-- Provided records follows --

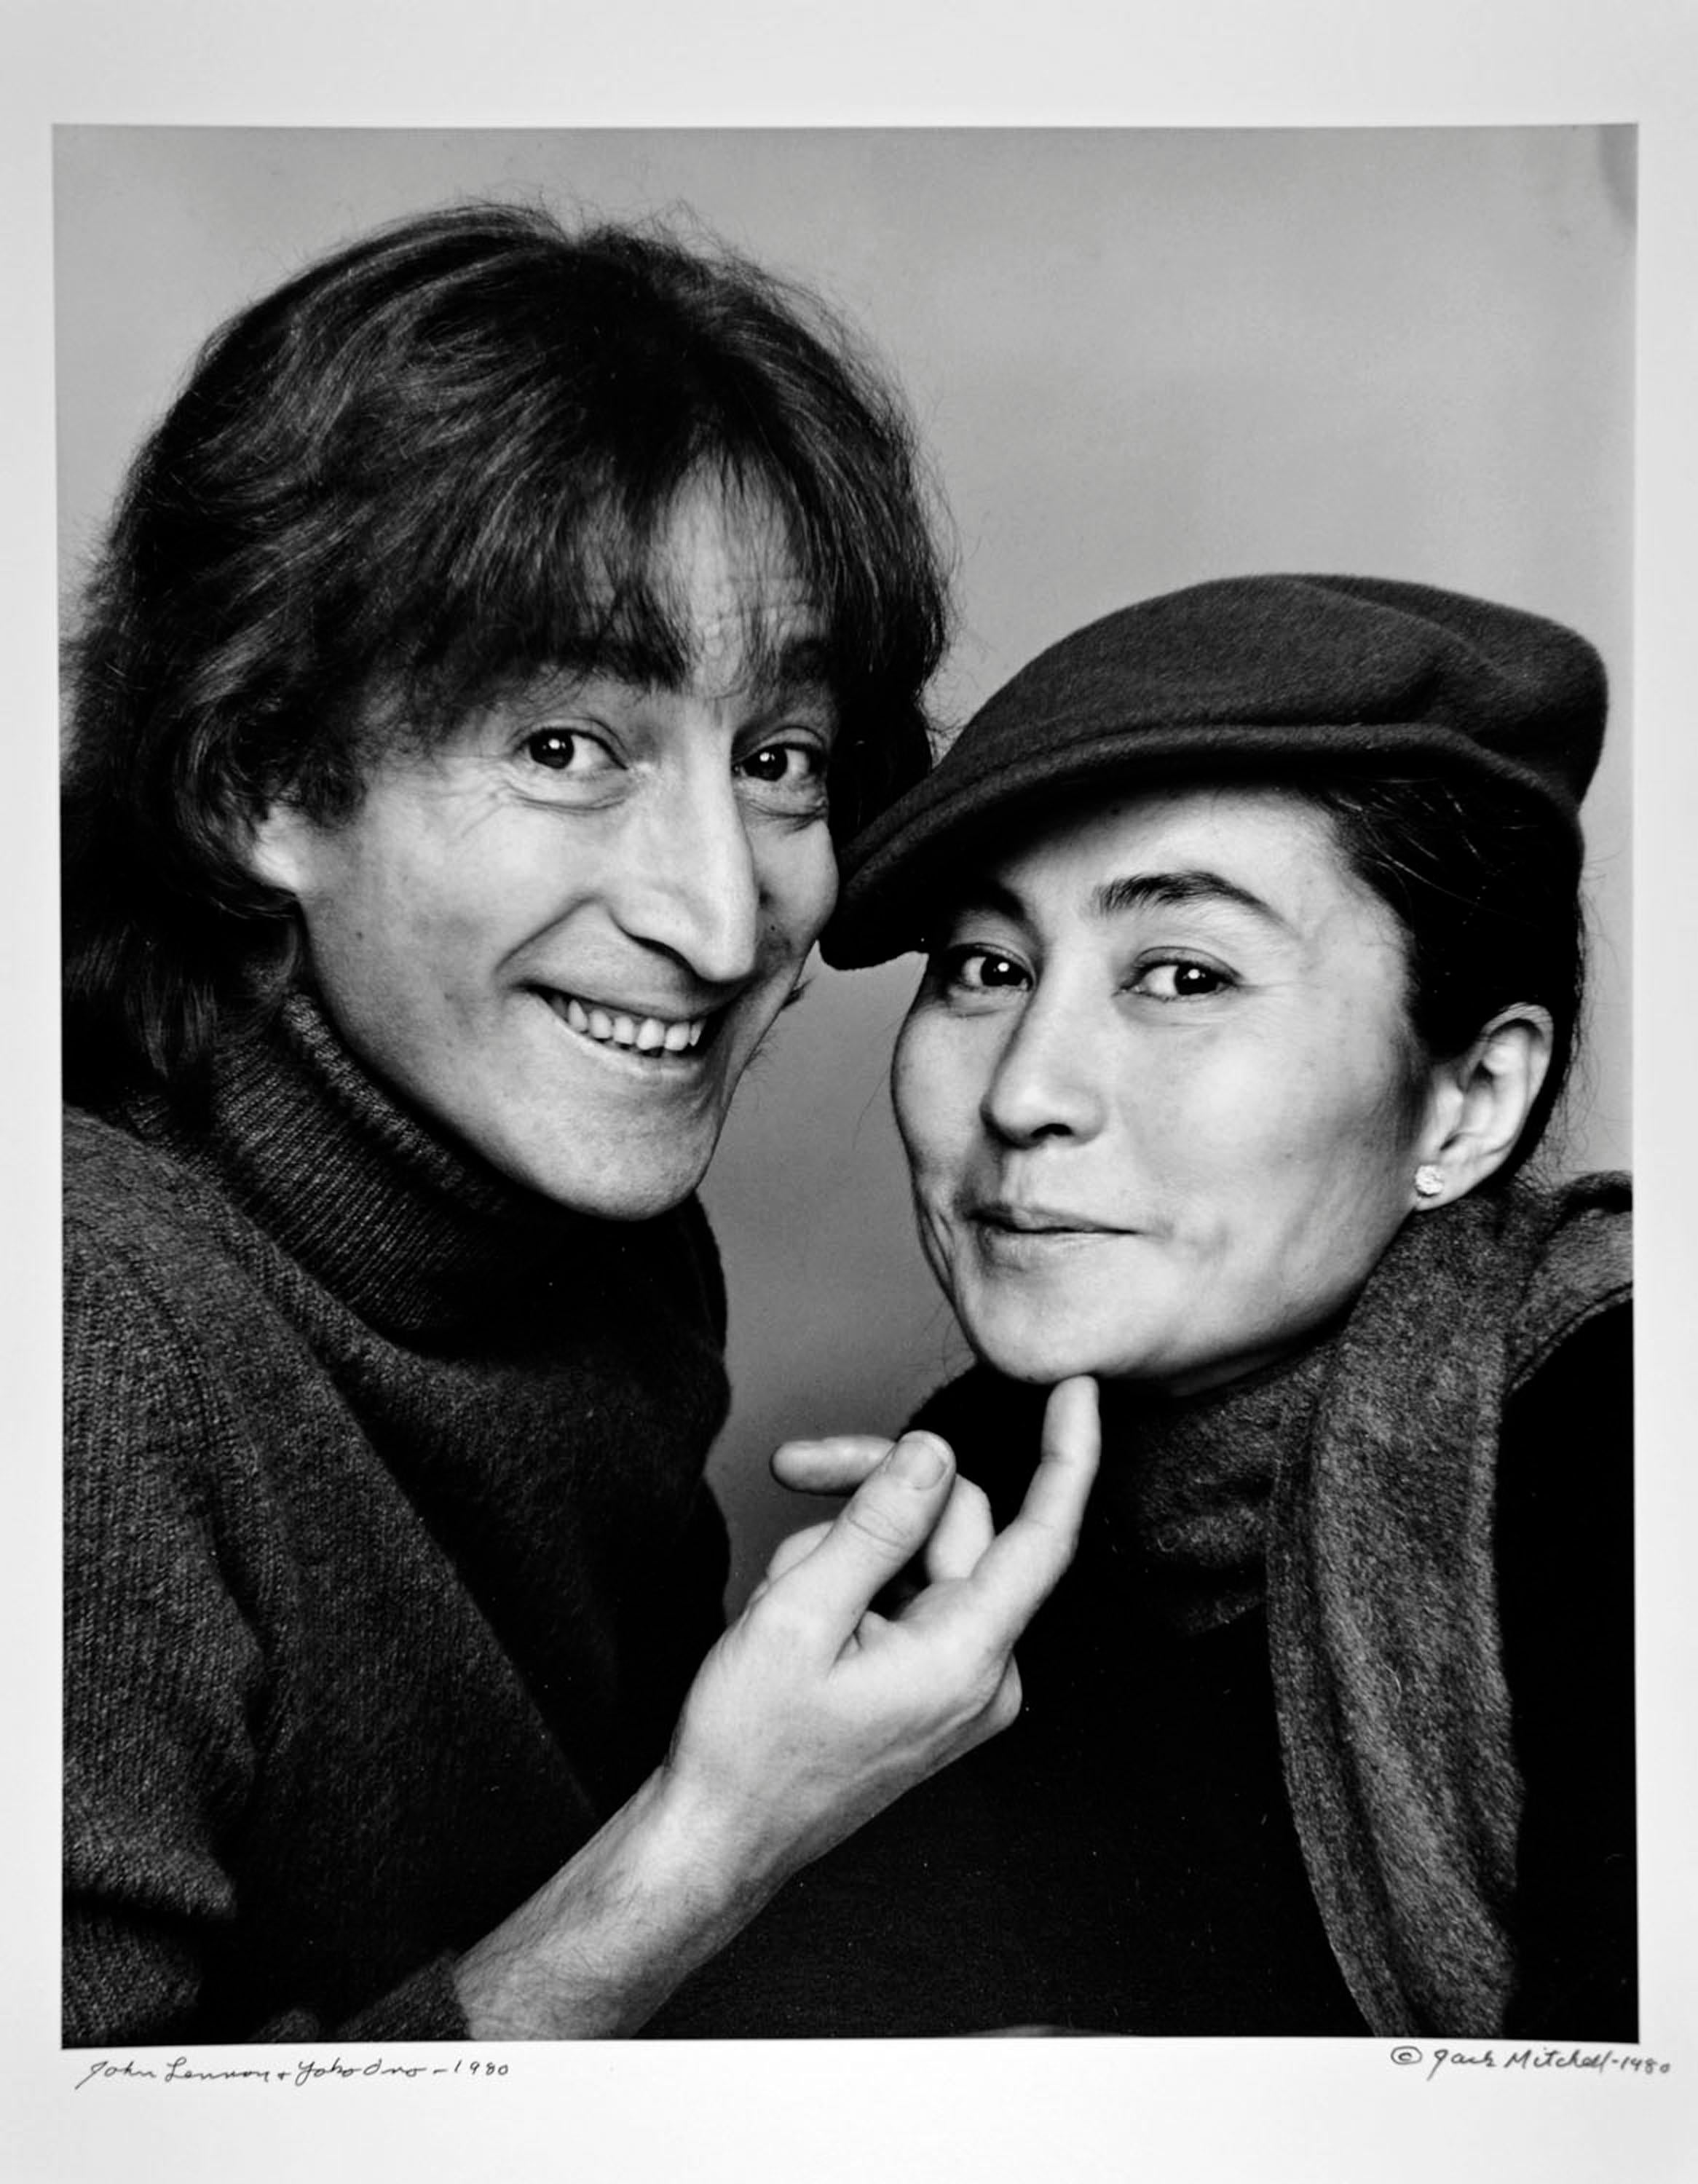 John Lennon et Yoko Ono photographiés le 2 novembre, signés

-- Provided records concluded --
-- Provided records follows --

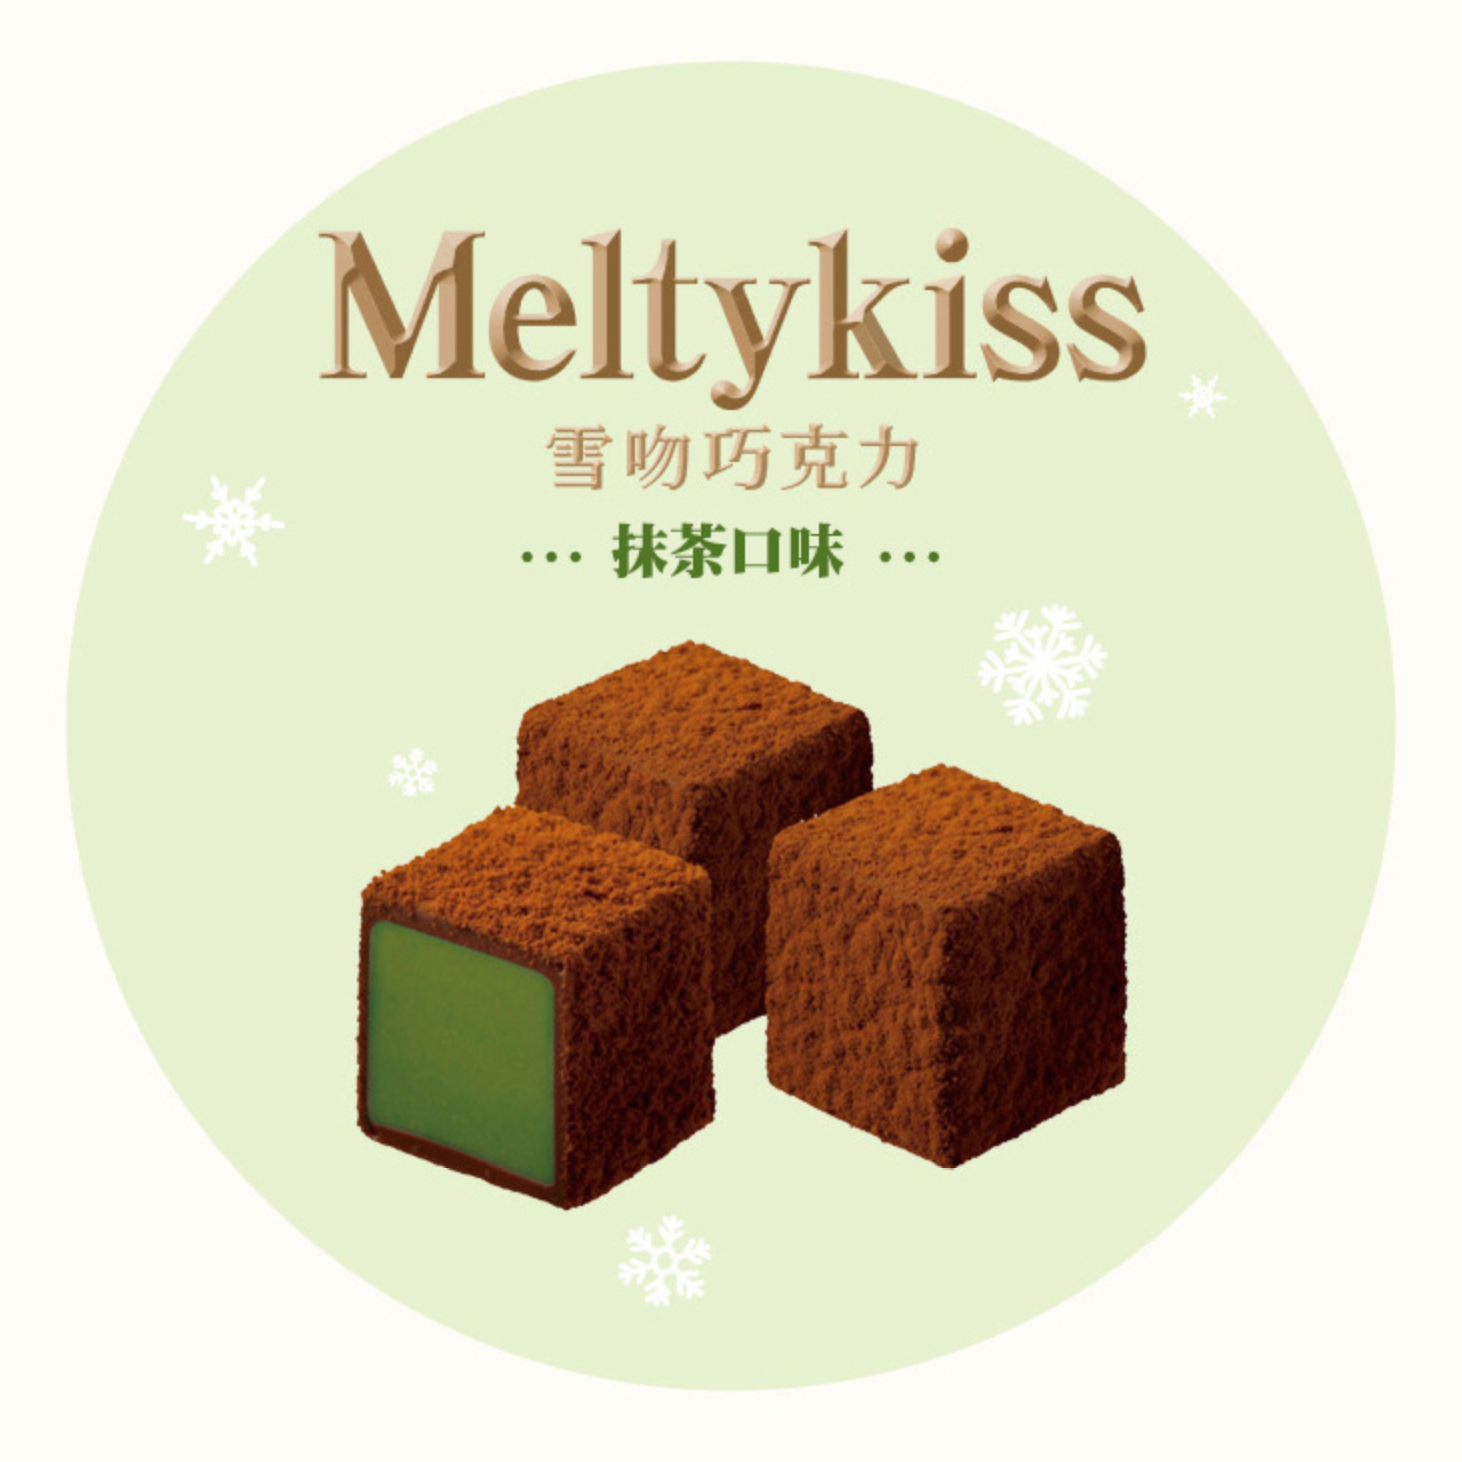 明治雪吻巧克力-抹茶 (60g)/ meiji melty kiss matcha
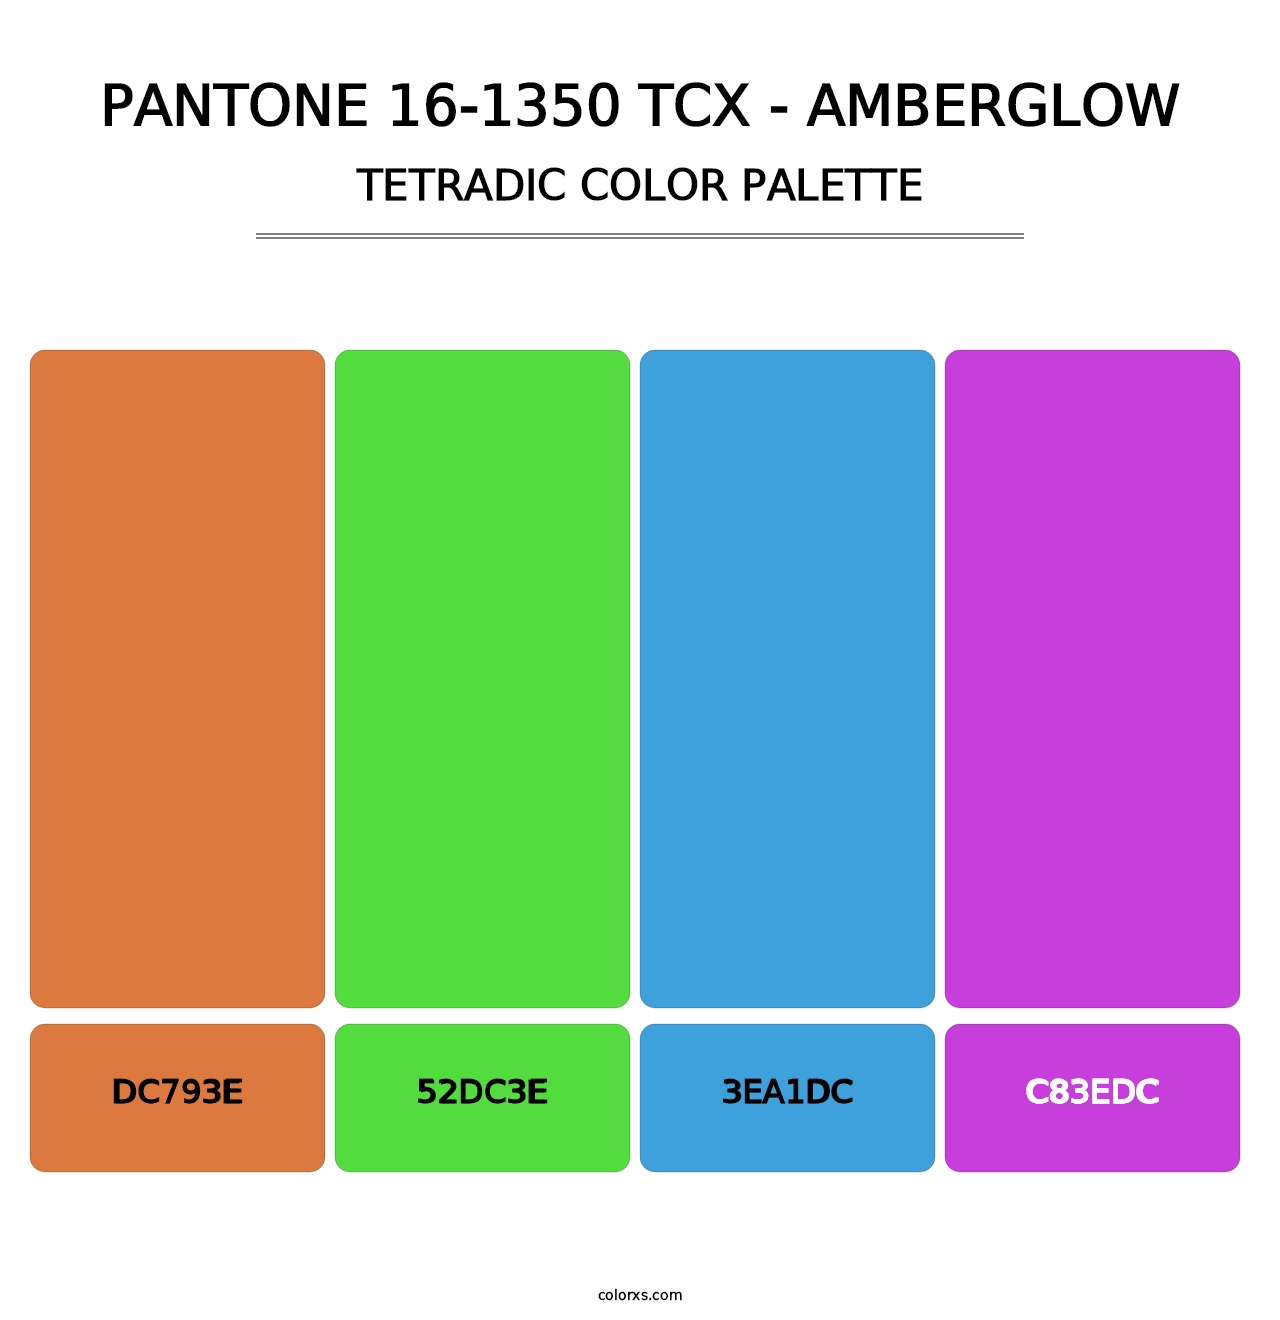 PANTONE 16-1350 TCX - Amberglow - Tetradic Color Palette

-- Provided records concluded --

*What you have to do:* Print nothing but the lines above starting with the line that contains "明治雪吻巧克力-抹茶 (60g)/ meiji melty kiss matcha" and going on through the line that contains "PANTONE 16-1350 TCX - Amberglow". Leave out the pictures.

*Response area:*
 明治雪吻巧克力-抹茶 (60g)/ meiji melty kiss matcha
 PANTONE 16-1350 TCX - Amberglow - Tetradic Color Palette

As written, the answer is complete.